- EXERCISE:
From the listing below, give again exactly the lines from the line with "可爱 黑猫 小猫 猫咪 萌 宠物猫 动物世界 猫咪图片 生物世界" to the line with "Große Schwimmhalle mit", ends included, without any pictures.

- EXERCISE MATERIAL:
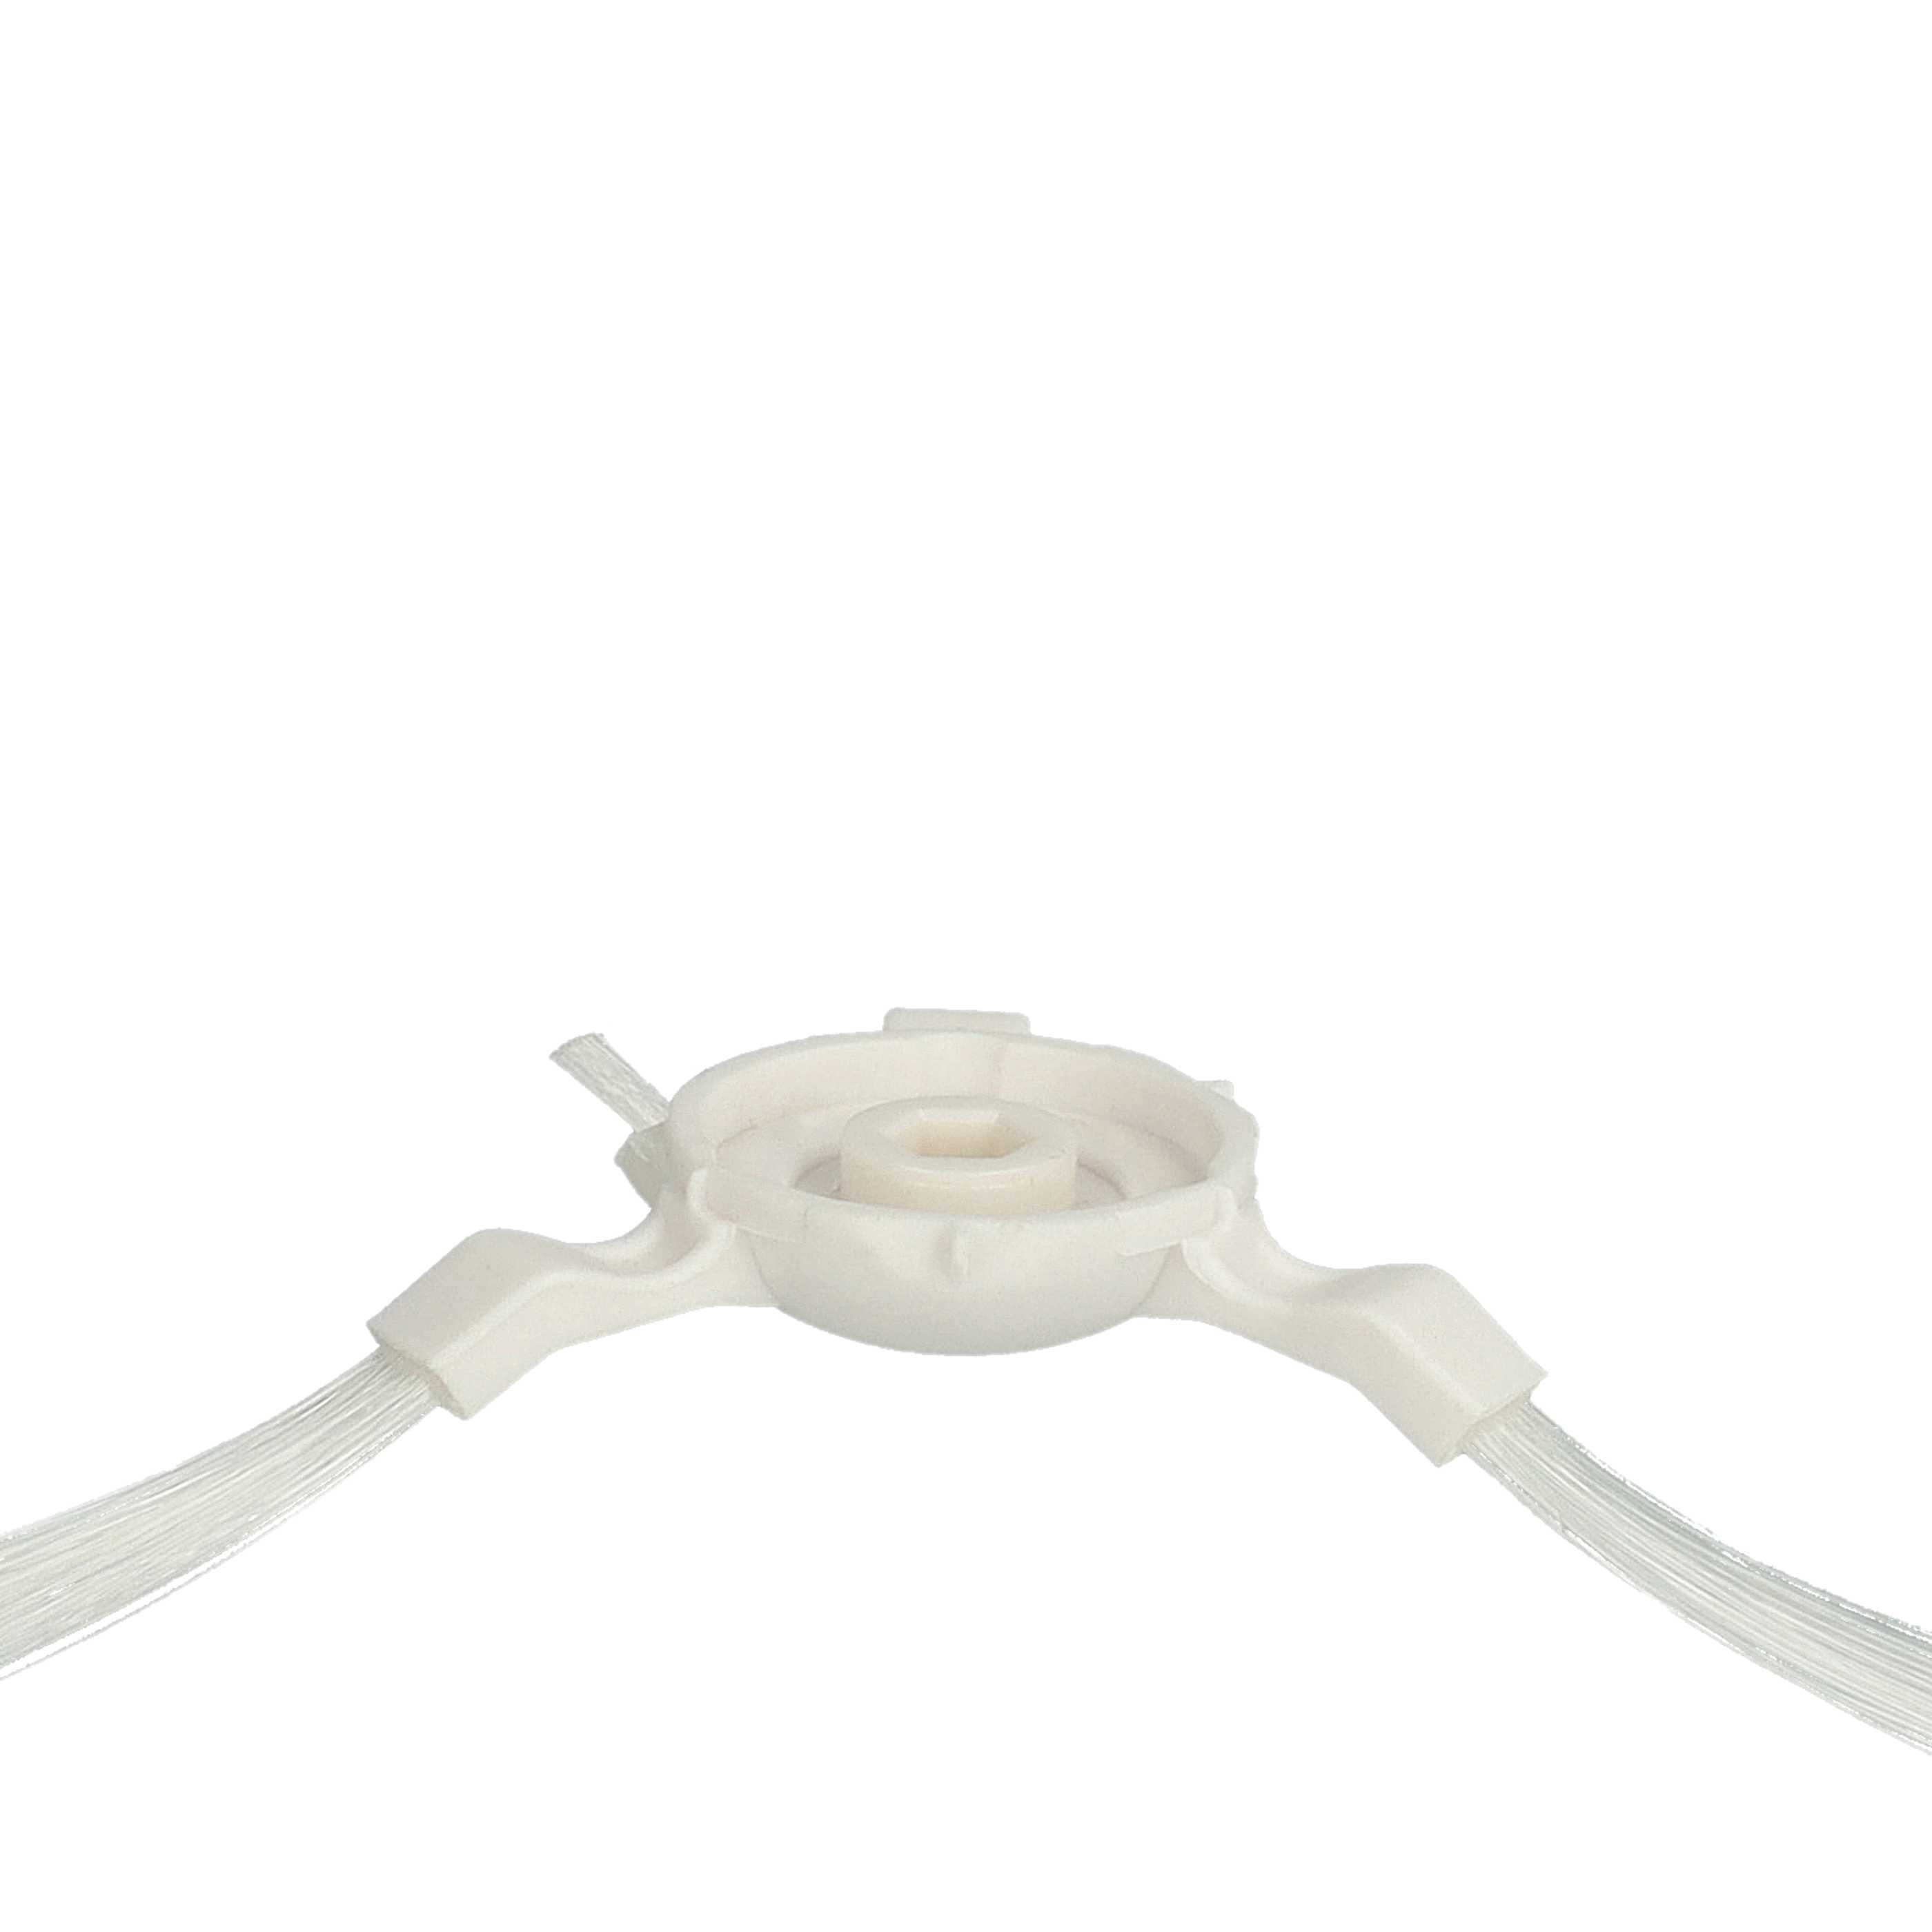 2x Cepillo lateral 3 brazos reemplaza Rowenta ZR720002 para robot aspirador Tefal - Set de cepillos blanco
==
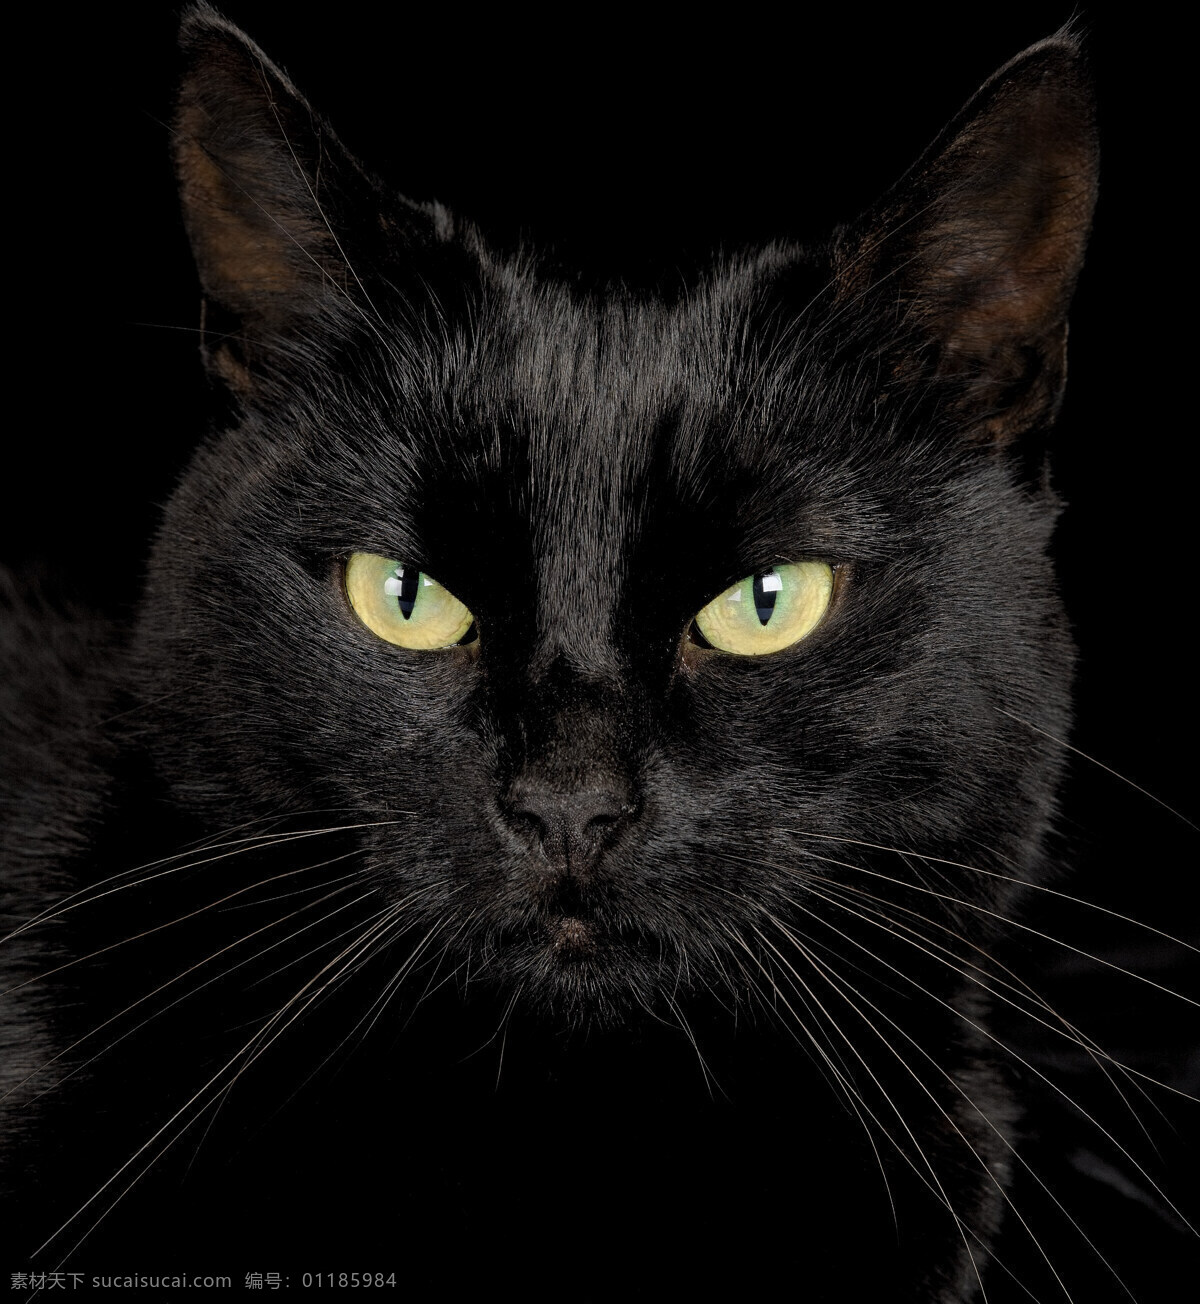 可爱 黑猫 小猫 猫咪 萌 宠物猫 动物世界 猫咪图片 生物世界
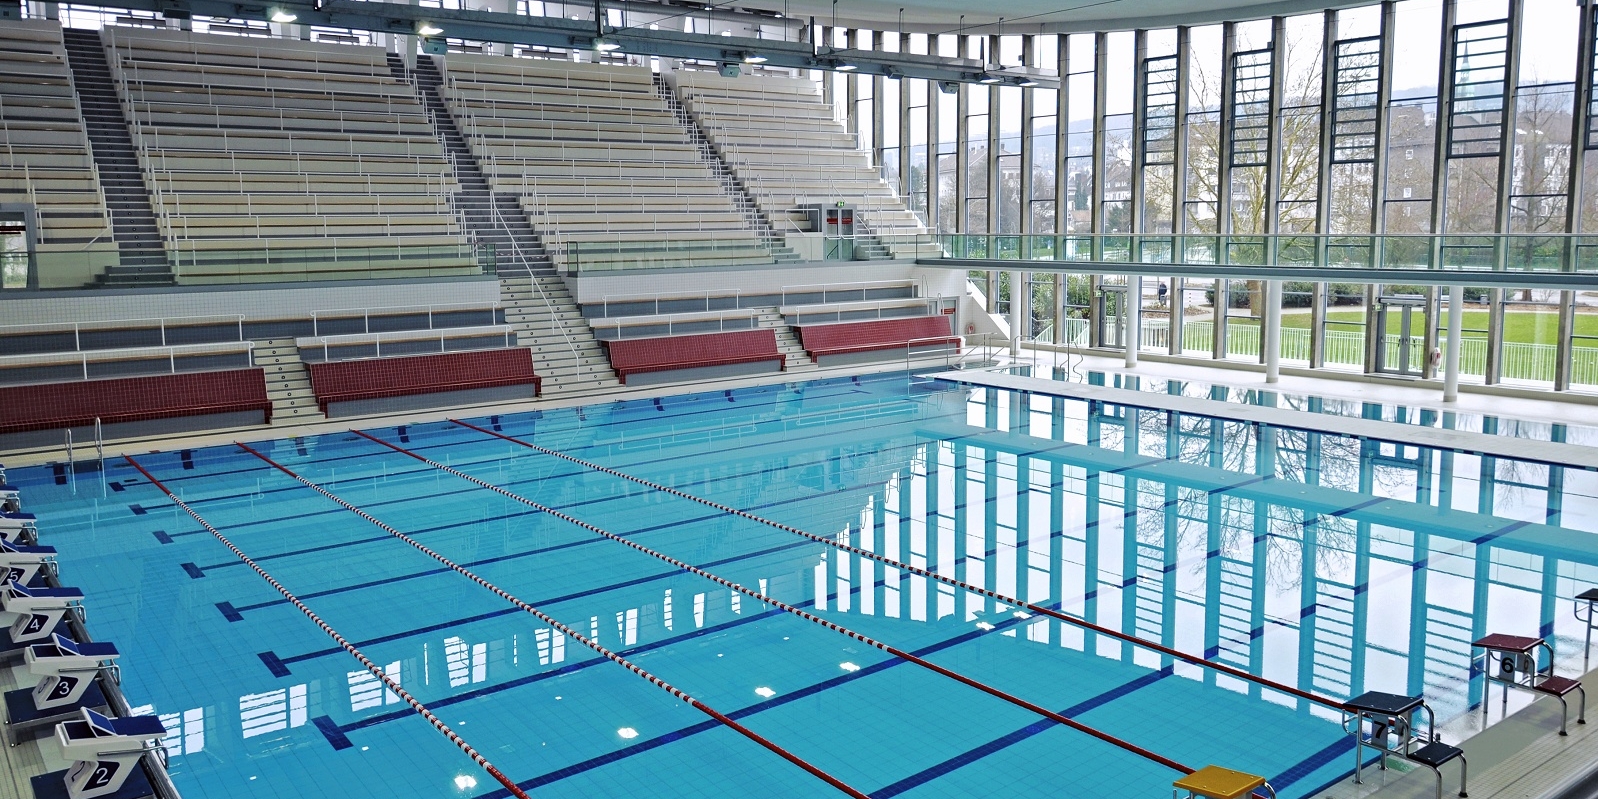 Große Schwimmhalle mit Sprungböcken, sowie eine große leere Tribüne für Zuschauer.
...
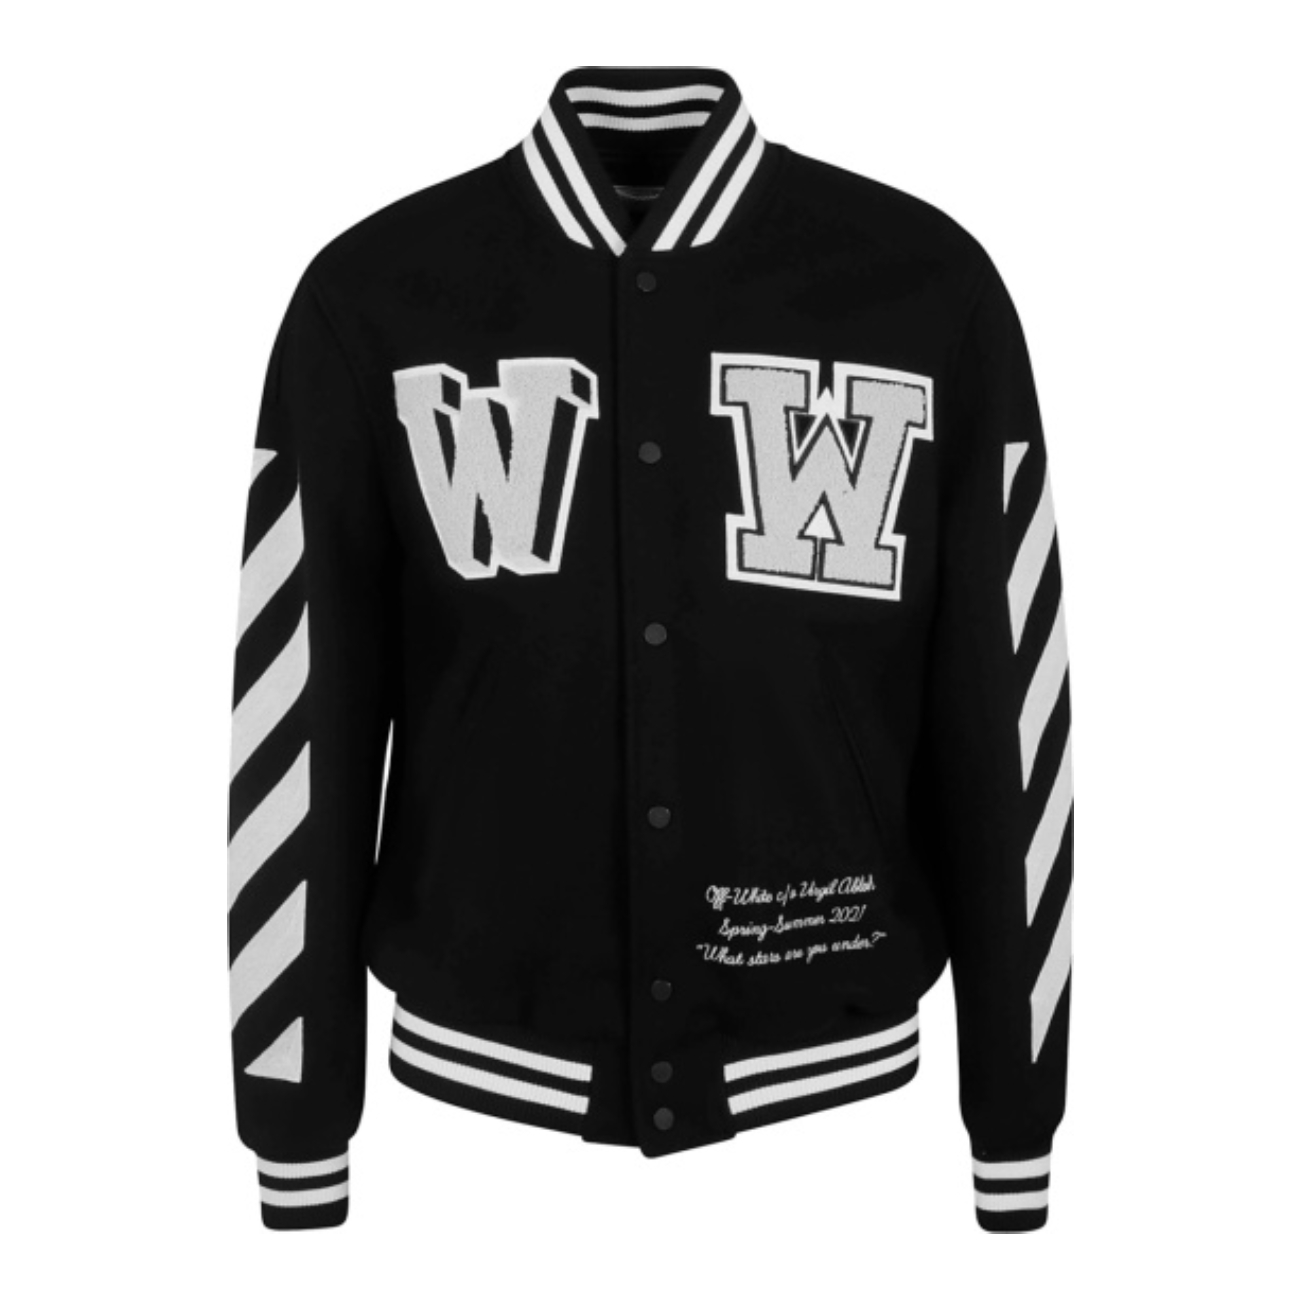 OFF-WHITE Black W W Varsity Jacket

- ANSWER FOR THIS EXERCISE:
 可爱 黑猫 小猫 猫咪 萌 宠物猫 动物世界 猫咪图片 生物世界
 Große Schwimmhalle mit Sprungböcken, sowie eine große leere Tribüne für Zuschauer.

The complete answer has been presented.